--- Activity ---
Reproduce the listing below exactly, except for its pictures.

--- Dataset section ---
○ ○ ○ ○
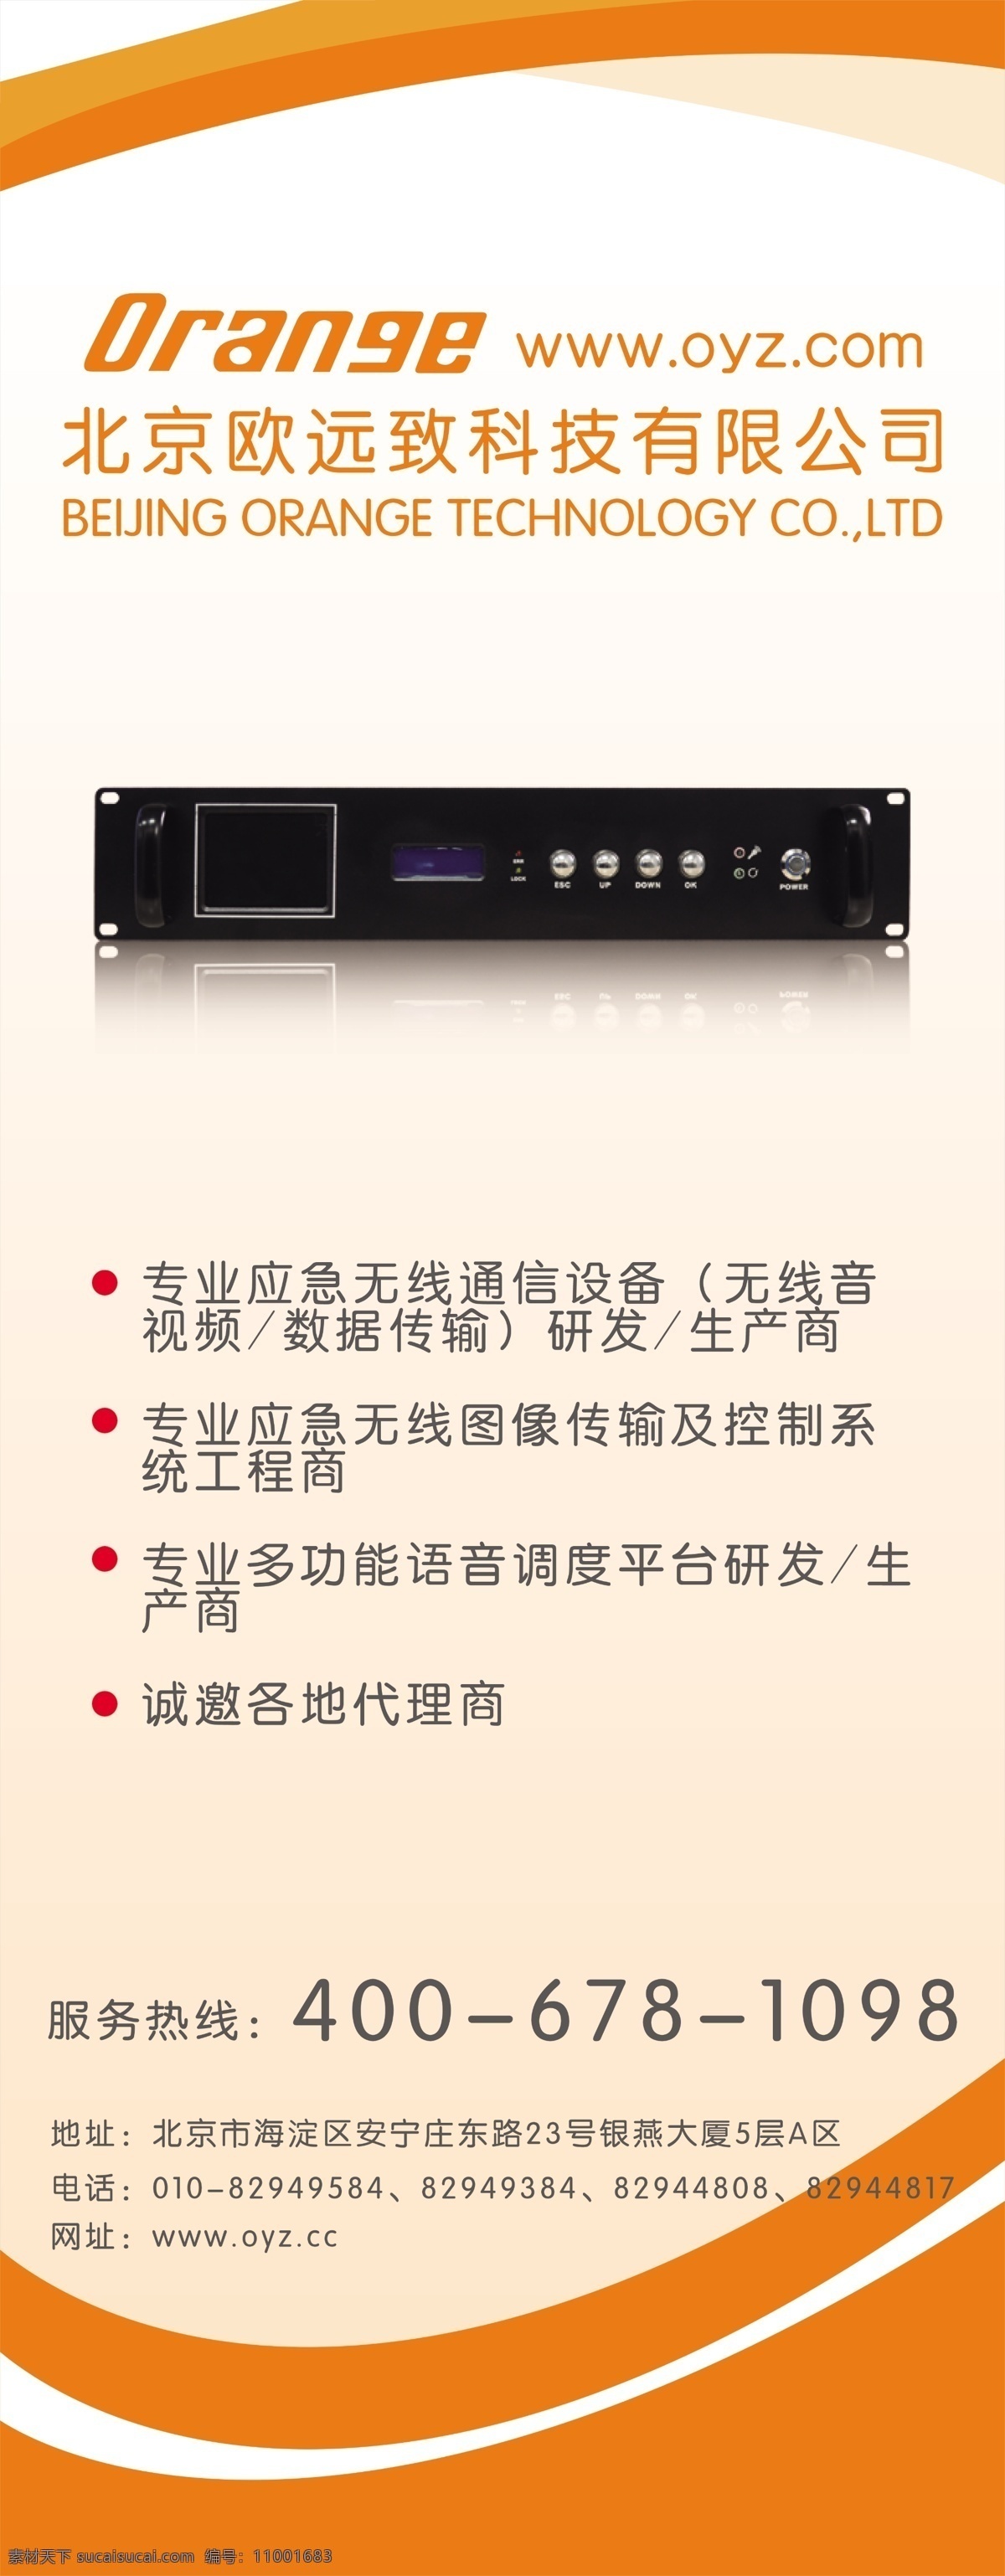 无线传输器 无线 数码 易拉宝 橙色背景 模板 易拉宝模板 分层 源文件
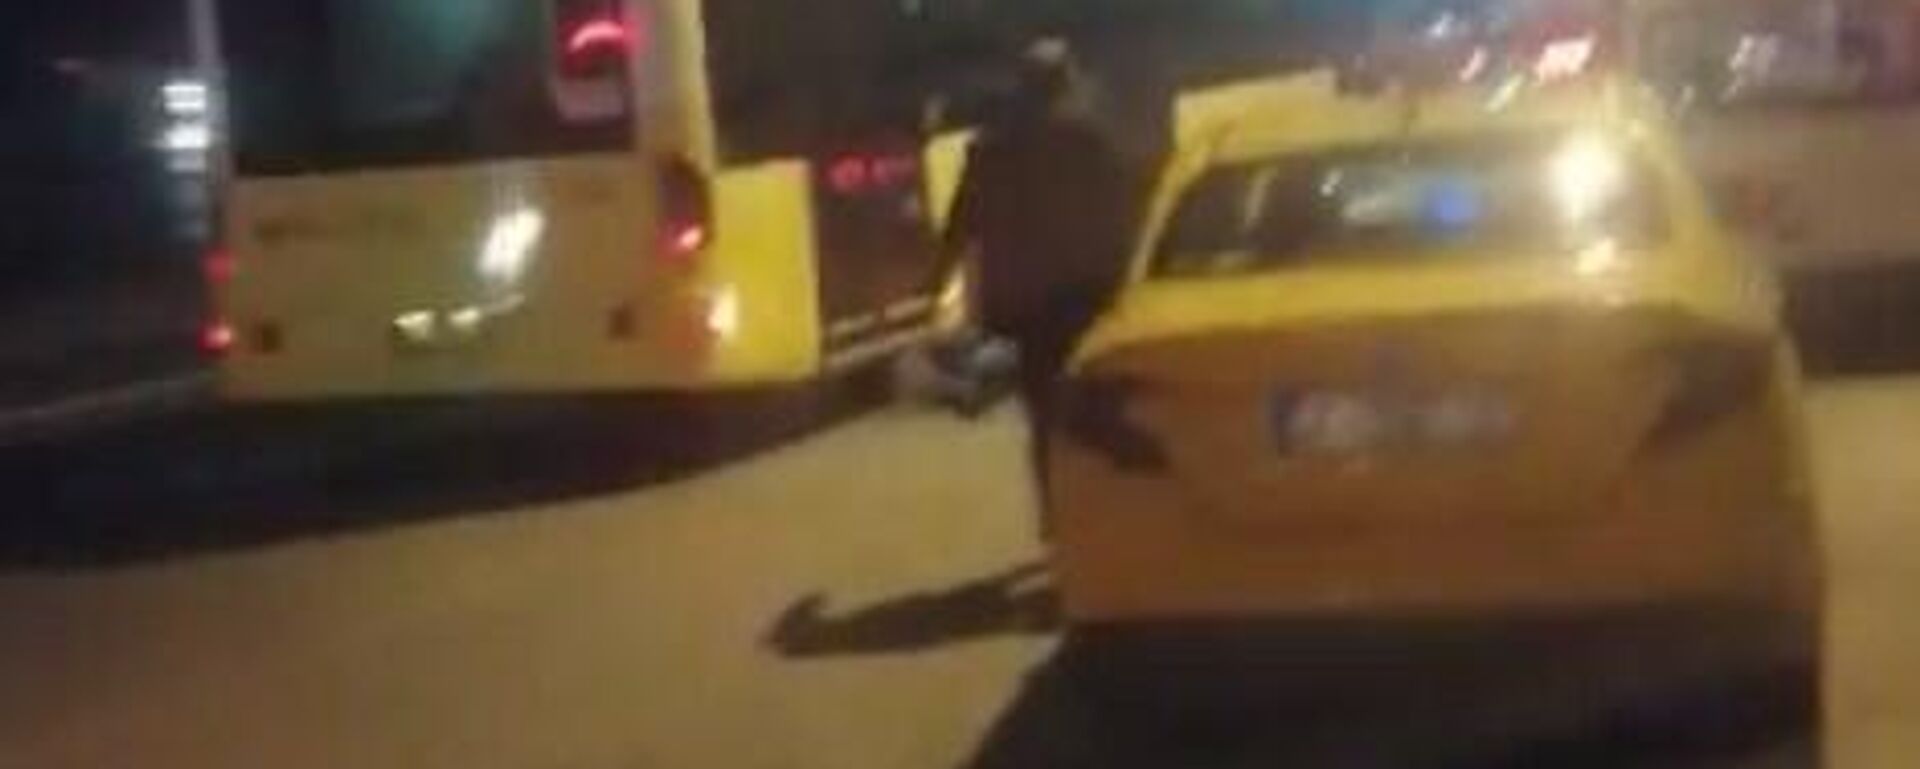 Beyoğlu'nda bir kadın tartıştığı taksicinin itmesi sonucu otobüsün altında kalmaktan son anda kurtuldu. Korku dolu anlar kameralara yansırken, taksicinin taksi sürücü belgesi ise iptal edildi. - Sputnik Türkiye, 1920, 05.12.2021
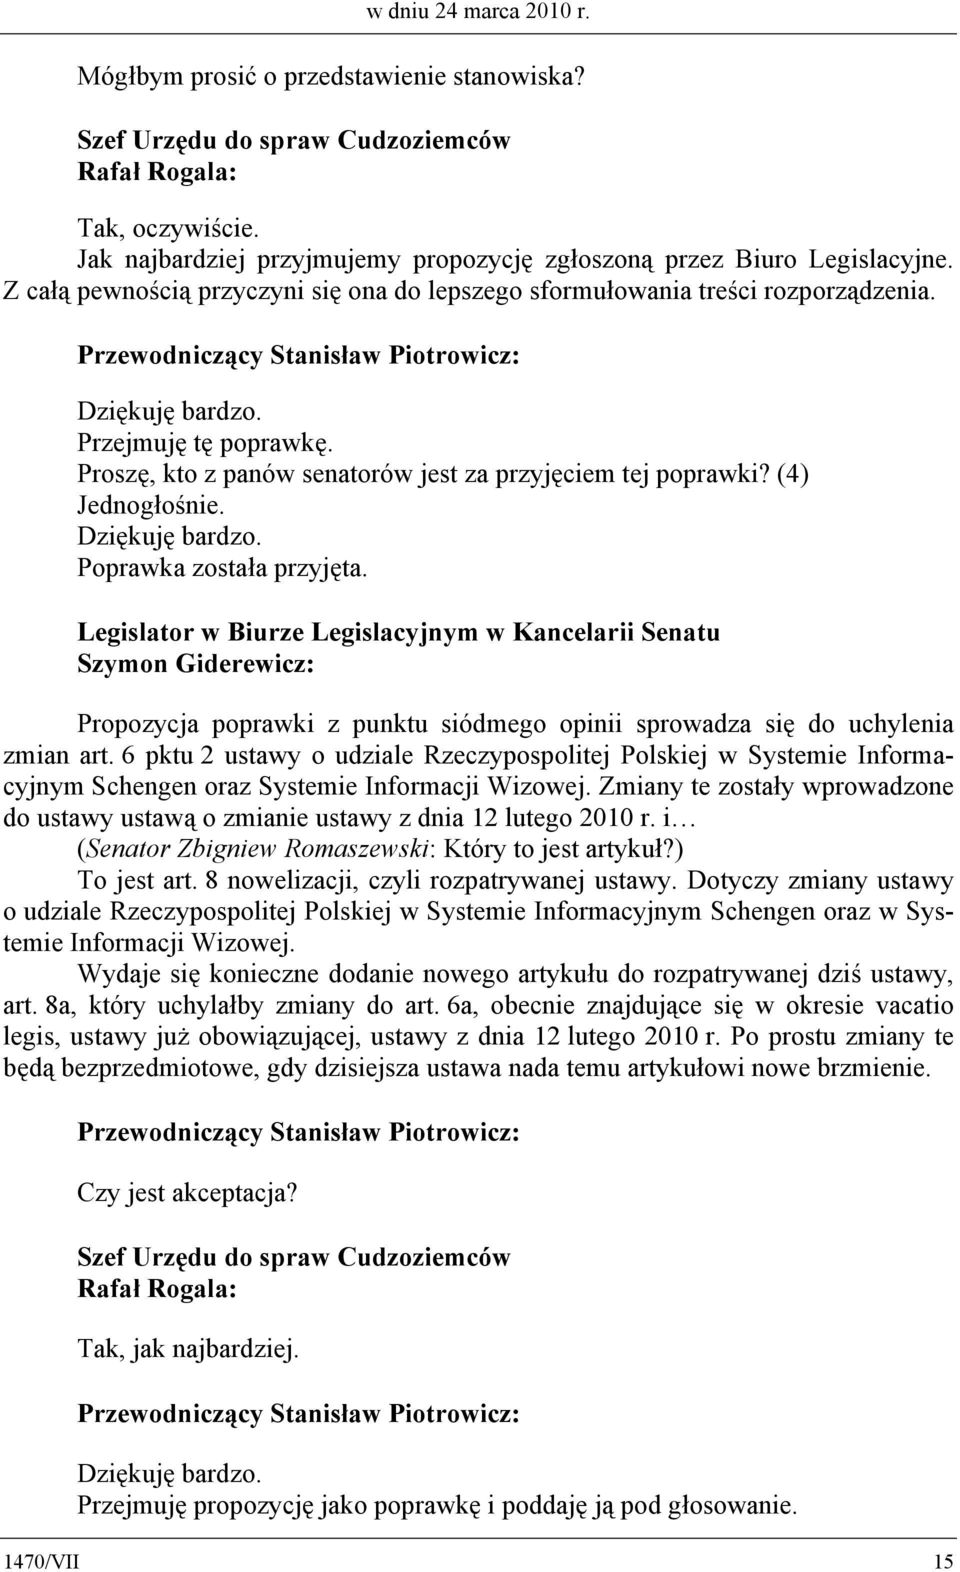 Poprawka została przyjęta. Legislator w Biurze Legislacyjnym w Kancelarii Senatu Szymon Giderewicz: Propozycja poprawki z punktu siódmego opinii sprowadza się do uchylenia zmian art.
○ ○ ○ ○
--- Answer to this exercise ---
 无线传输器 无线 数码 易拉宝 橙色背景 模板 易拉宝模板 分层 源文件
 Beyoğlu'nda bir kadın tartıştığı taksicinin itmesi sonucu otobüsün altında kalmaktan son anda kurtuldu. Korku dolu anlar kameralara yansırken, taksicinin taksi sürücü belgesi ise iptal edildi. - Sputnik Türkiye, 1920, 05.12.2021
 Poprawka została przyjęta. Legislator w Biurze Legislacyjnym w Kancelarii Senatu Szymon Giderewicz: Propozycja poprawki z punktu siódmego opinii sprowadza się do uchylenia zmian art.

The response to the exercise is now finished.